Buffer 510 is a memory that receives audio samples (digital codes) corresponding to an audio signal on path 168. Buffer 510 may be implemented to internally contain multiple memory units such that, while the samples in one filled memory unit are forwarded on path 514 for processing, one or more other memory units may receive new samples.

In general, the buffer needs to have the ability to provide all the samples required by the subsequent blocks in the processing path. In an embodiment, buffer 510 in implemented to have a size to store 160 samples, with the samples being generated at 8 KHz sampling rate. Buffer 510 forwards samples on path 514 to band-pass filter 540 (for example, in the same chronological order in which the samples were received on path 168).

Band-pass filter 540 performs band-pass filtering on the samples received on path 514 to limit the energy outside the frequency band (speech) of interest. In an embodiment, band-pass filter 540 is implemented to have a pass band of frequencies in the range 120 Hz to 3600 Hz. Band-pass filter 540 forwards the filtered samples on path 542 to peak detector block 520 as well as envelope generator block 560.

Peak detector block 520 receives filtered samples on path 542, and determines the peak corresponding to each present sub-frame (sub-frame presently being processed) based on previously received sub-frames of the current frame, in manner described above with respect to FIG. 4. It should be understood that each sub-frame may be processed by different blocks in different time durations, but is referred to as a present sub-frame, merely to refer to the same frame. The term ‘present frame’ is also similarly used, which may be viewed as a sliding window in the described embodiment(s).

The peak level may be determined as the absolute value of positive or negative peak in the samples. In general, peak detector block 520 may be viewed as generating a peak value corresponding to each sub-frame, with the number of sub-frames considered in such peak computation being fixed (for example, four in FIG. 4). Peak detector block forwards the determined peak value (of all the samples in the current frame) corresponding to presently processed sub-frame on path 523.

PI filter block 530 computes for each sub-frame an error signal indicating the difference between a desired maximum level (target level) provided on path 550 (example +FS/−FS noted above with respect to FIG. 2) and a peak level corresponding to each sub-frame.
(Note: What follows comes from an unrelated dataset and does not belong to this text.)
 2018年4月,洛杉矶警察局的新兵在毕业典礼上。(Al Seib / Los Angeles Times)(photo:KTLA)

PI filter block 530 filters the error signal by passing the error signal through a proportional-integration (PI) filter to smooth variations (e.g., high frequency/sudden changes) in the error values. It may be appreciated that the filtered error values output by PI filter block 530 may be used as one of the factors for computing a gain factor for each sub-frame. PI filter block 530 forwards the filtered error values to noise detector block 580 on path 539.
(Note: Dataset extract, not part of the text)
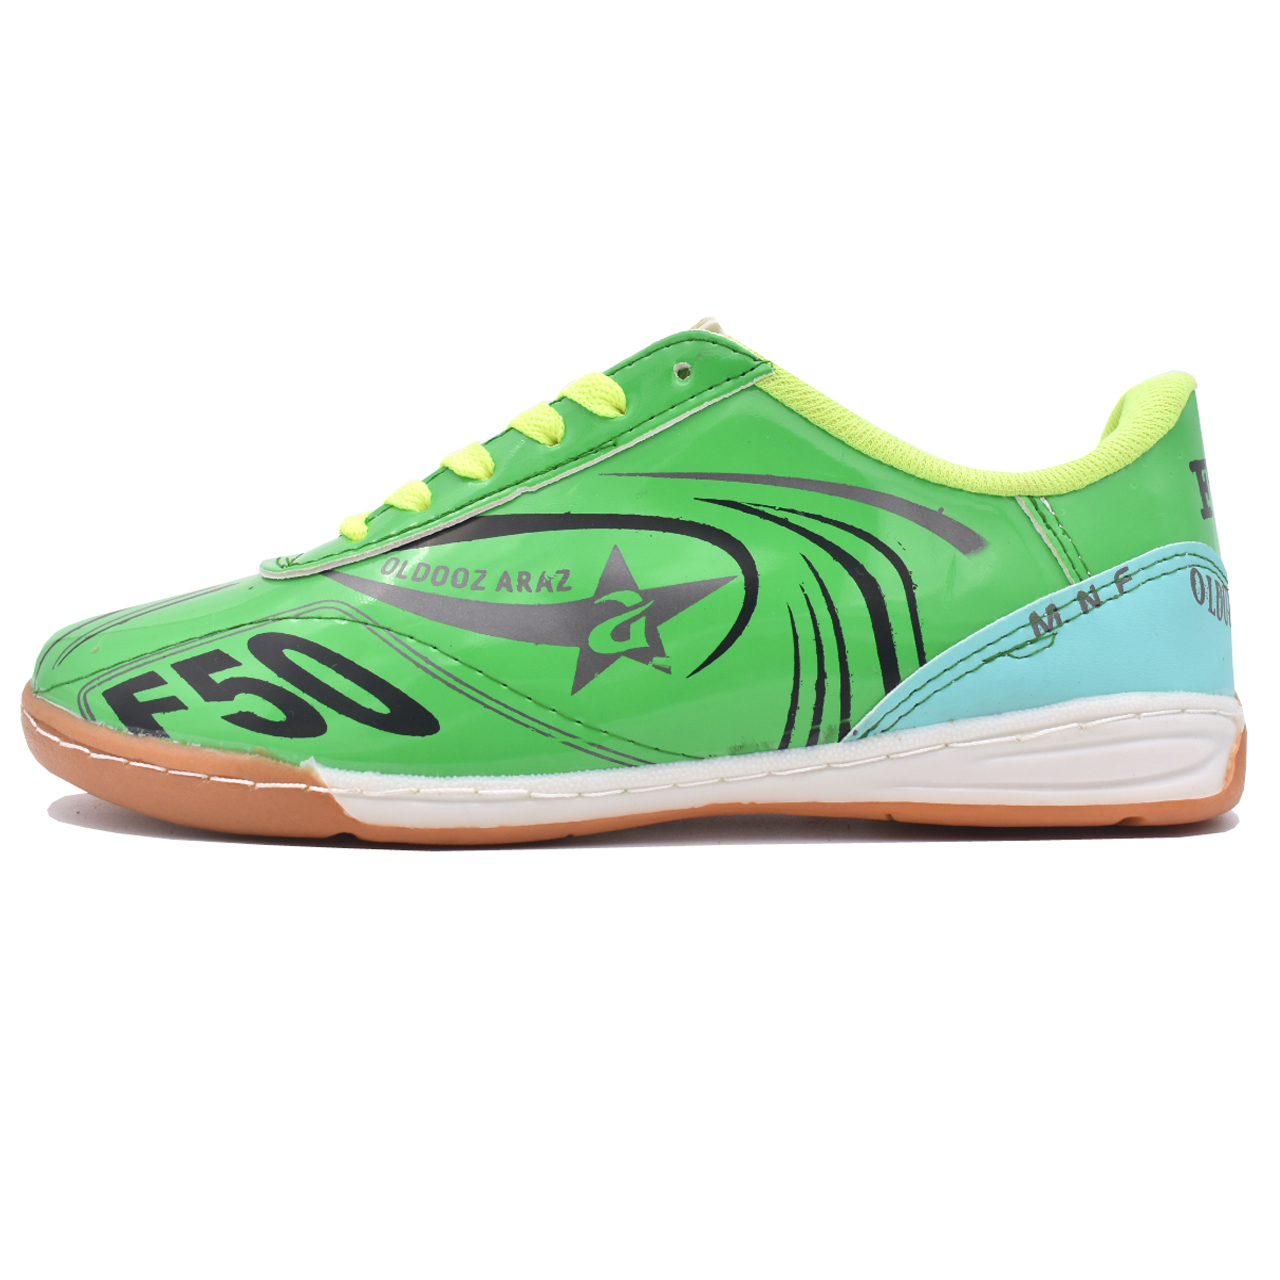 کفش فوتسال مردانه کد C-3769

Envelope generator block 560 receives samples/sub-frames on path 542, and generates a parameter representative of the “energy” contained in each sub-frame portion. In an embodiment, envelope generator block 560 computes the average of the squared values of each sample in a sub-frame as an estimate of the energy. However, any other measure (for example, cubed values) representative of energy may also be used. Envelope generator block 560 forwards the energy (envelope value) computed for each sub-frame on path 567. The energy value across sub-frames of the signal may be viewed as forming an envelope of the signal with one sample per sub-frame.

Envelope accentuator block 570 applies another proportional-integration (PI) filter to filter the energy values received on path 567 for amplifying the variation of energy across sub-frames. Thus, envelope accentuator block 570 generates a pseudo-envelope of energy of the audio signal. The operation of envelope accentuator block 570 serves to accentuate the energy of the different portions (e.g., a set sub-frames) of the audio signal 168, and thereby enable a better discrimination of speech and non-speech portions in noise detector block 580 (described below). Envelope accentuator block 570 forwards the filtered energy values on path 578. Envelope accentuator block 570 may also forward the noise level of corresponding sub-frames on path 577.
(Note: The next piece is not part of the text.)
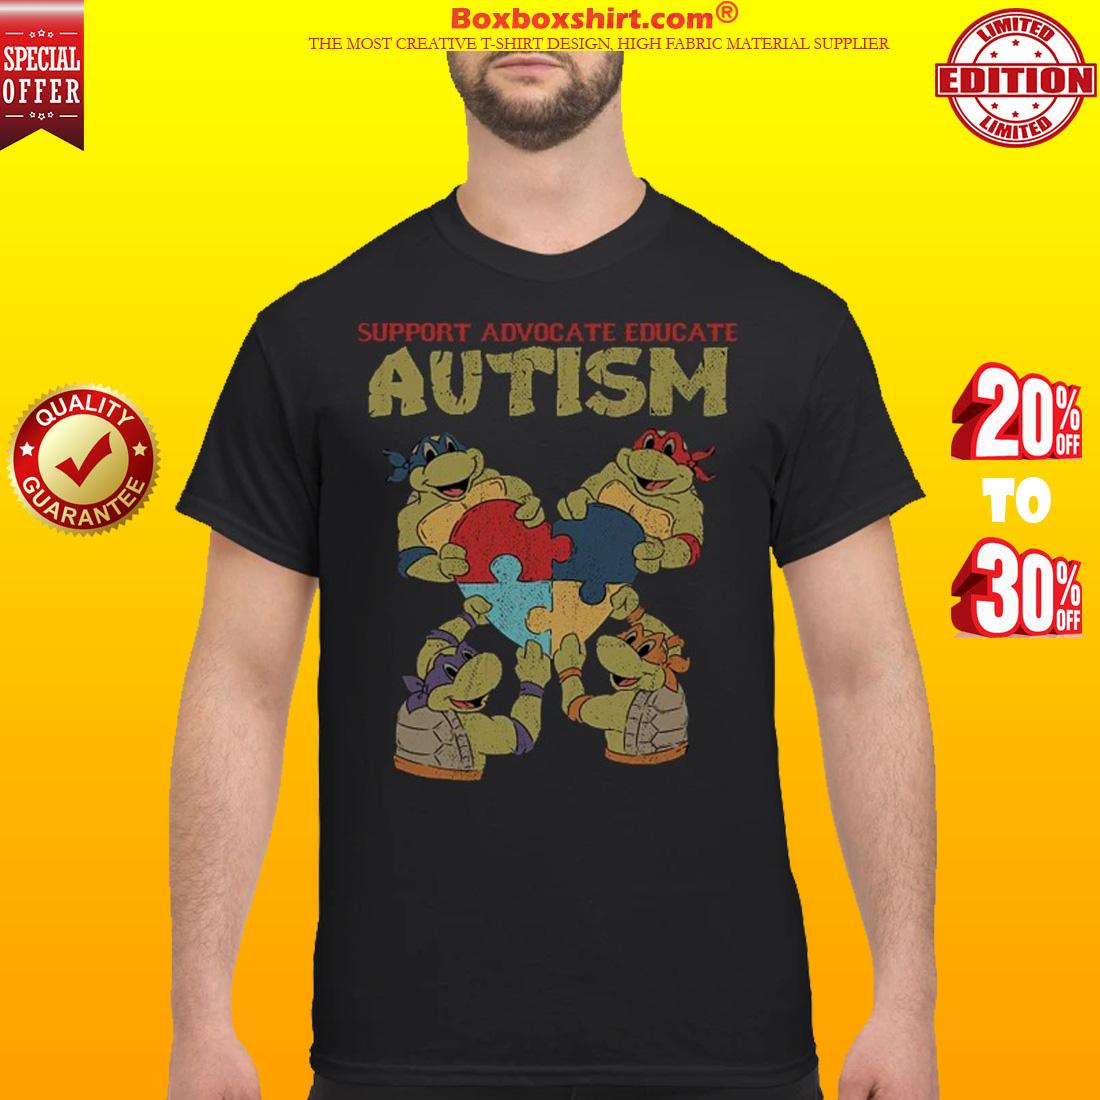 e2996526db91 10% OFF] Ninja turtle support advocate educate autism shirt

Noise detector block 580 receives the filtered energy values on path 578 and operates to determine which sub-frames (or successive sets of sub-frames) correspond to speech and non-speech portion. Noise detector block 580 may compute a variation in the filtered energy values across multiple sub-frames, and conclude that the sub-frames represent a speech portion if the variation exceeds a pre-determined threshold, and represent non-speech portions otherwise.

In an embodiment, the number of sub-frames across which such variation is observed by noise detector block 580 is based on the frame size, i.e., the variation is observed across all sub-frames in a frame. With respect to the example sub-frame/frame sizes noted above, the variation is observed in one embodiment across ten sub-frames (200 ms/20 ms). Thus, if the signal does not show significant energy factor variation in a present frame, the present sub-frame is classified as noise. The energy factor threshold is 0.0008 when the amplitude of the signal varies between +/−1.0. However, in alternative embodiments, different thresholds, fewer or more sub-frames than contained in a frame may also be used.

Alternatively, noise detector block 580 may base the decision of whether a sub-frame represents a speech/non-speech portion on a comparison of a peak value (received via path 523) corresponding to the sub-frame and a noise floor value (representing the typical noise floor based on the operating conditions, components such as ADC employed etc.) received on path 581. If the peak value is greater than the noise floor, noise detector block 580 may conclude that the sub-frame corresponds to a speech portion.

If the peak value is less than the noise floor, noise detector block 580 may conclude that the sub-frame corresponds to a non-speech portion. Noise detector block 580 may be implemented such that the basis for a speech/non-speech decision is made programmable between the two options noted above, or a combination of both. Noise detector block 580 provides on path 589 a binary number (bit) specifying whether a sub-frame corresponds to a speech or a non-speech portion.

Gain controller block 590 receives sub-frames on path 514, filtered error values on path 539, and binary decisions specifying whether a presently received sub-frame corresponds to speech portion or non-speech portion on path 589. Based on the received inputs noted above, gain controller block 590 computes and applies a gain factor to the presently received sub-frame either within digital processing block 180 itself, or via path 184 to the corresponding portion of the analog signal in either analog processing block 140 and/or ADC 160.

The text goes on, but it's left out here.